Sesi diskusi pun dimulai sekitar pukul 22.00. Kang Ahmad ngode untuk mengajak saya menaiki panggung. Saya sedih, saya sudah di panggung tapi disuruh naik panggung lagi. Bingung,kan? Karena saya sendiri kesini hanya diperjalankan atas dasar cinta. Bukan untuk apa-apa, apalagi mengemban misi tertentu.Â
Semua hanya hasil kemesraan dan cinta hingga akhirnya semua dipertemukan. Bersama dengan Mas Zuhud dan Mas Abi, akhirnya kita berempat nggelar kloso untuk membahas tema 'Klilipan' dan ngudari satu persatu sebagai proses pembelajaran bersama.
Para jamaah di awal acara sudah banyak yang menanggapi. Kesamaan pemikiran akhirnya bertemu. Salah satunya adalah tentang benar dan salah. Karena pada dasarnya manusia memiliki ego kebenaran versi pemikirannya yang tidak semua bisa diseragamkan.
Di sesi terakhir Mas Akbar, Gus Blero, dan Pak Tono dipersilahkan menaiki panggung. Mas Akbar bercerita tentang Sengkuni. Seperti salah satu katanya, "Siapapun yang di-bully/ ditindas jika melakukan kejahatan, akhirnya akan menjadi sebuah pemakluman. Inilah Sengkuni versi teater perdikan buatan Mbah Nun ini. Kemudian Pak Tono adalah seorang Tokoh di balik terciptanya Pasar Kumandang yang sangat kondang ini.Â
Karena transaksinya menggunakan koin. Pak Tono tidak dekat Mbah Nun akan tetapi dekat dengan Umbu Landu Paranggi, gurunya Simbah. Salah satu kata Pak Tono yang ditekankan adalah sebuah kata berjuang yang diganti dengan berproses. Untuk mengantisipasi rasa kecewa yang mungkin akan berdatangan menyapa.
Lalu Gus Blero menyuruh jamaah untuk mencari "Saba Parwa". Tanpa dibahas.
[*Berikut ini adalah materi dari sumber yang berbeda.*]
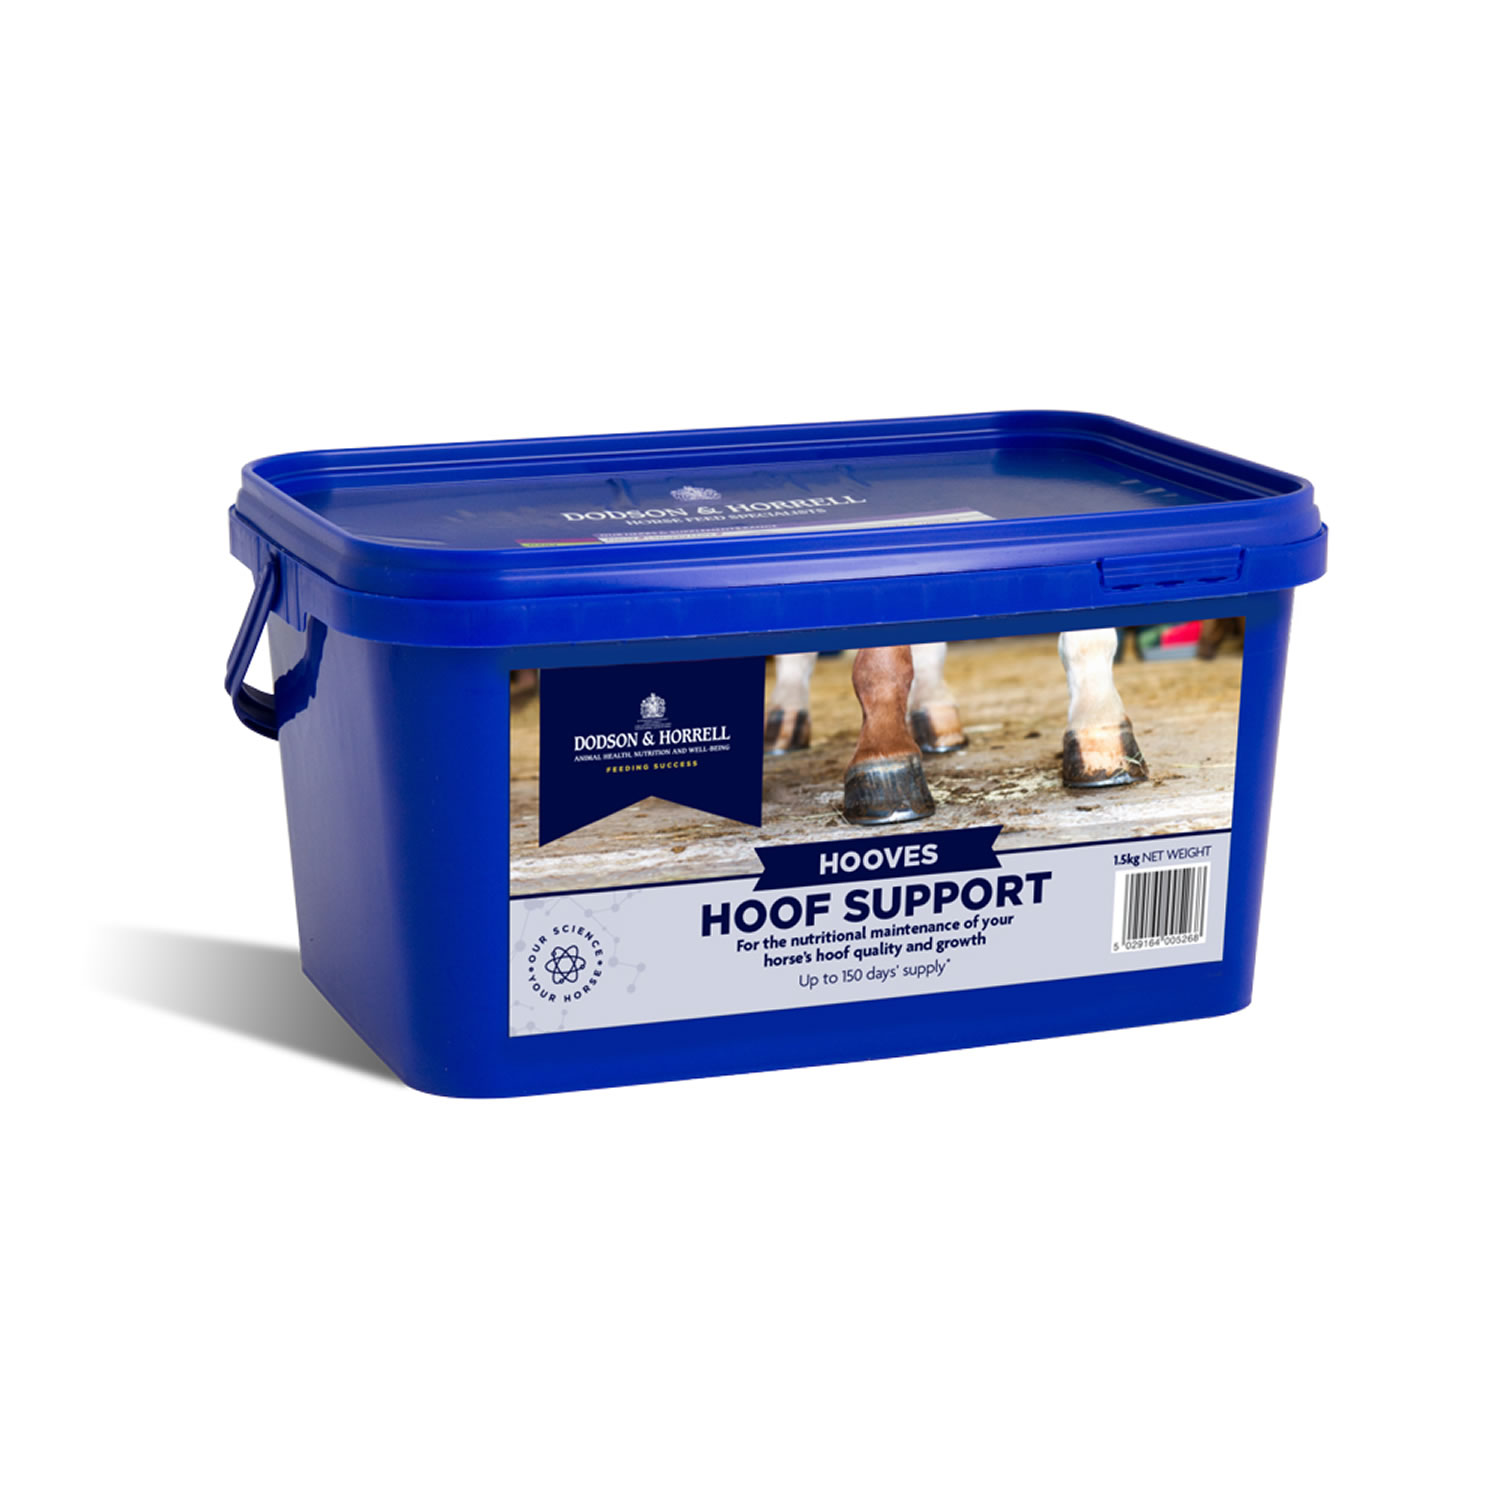 DODSON & HORRELL HOOF SUPPORT 1.5 KG 1.5 KG

Beliau hanya menyampaikan singkat. Islam hanya tinggal jenenge. Al Qur'an mung kari tulisane. Jaman-jaman susah tapi di sisi yang lain. Wonosobo akan menjadi peranan penting dalam segala peristiwa genting jaman ini. Setidaknya, Jadilah pemimpin bagi kehidupanmu sendiri.
Acara pun ditutup dengan Wirid Penuntasan oleh Kang Ahmad. Sekitar pukul 03.00 pun acara dipungkasi dengan saling bersalam-salaman sambil bersholawat. Mission completed!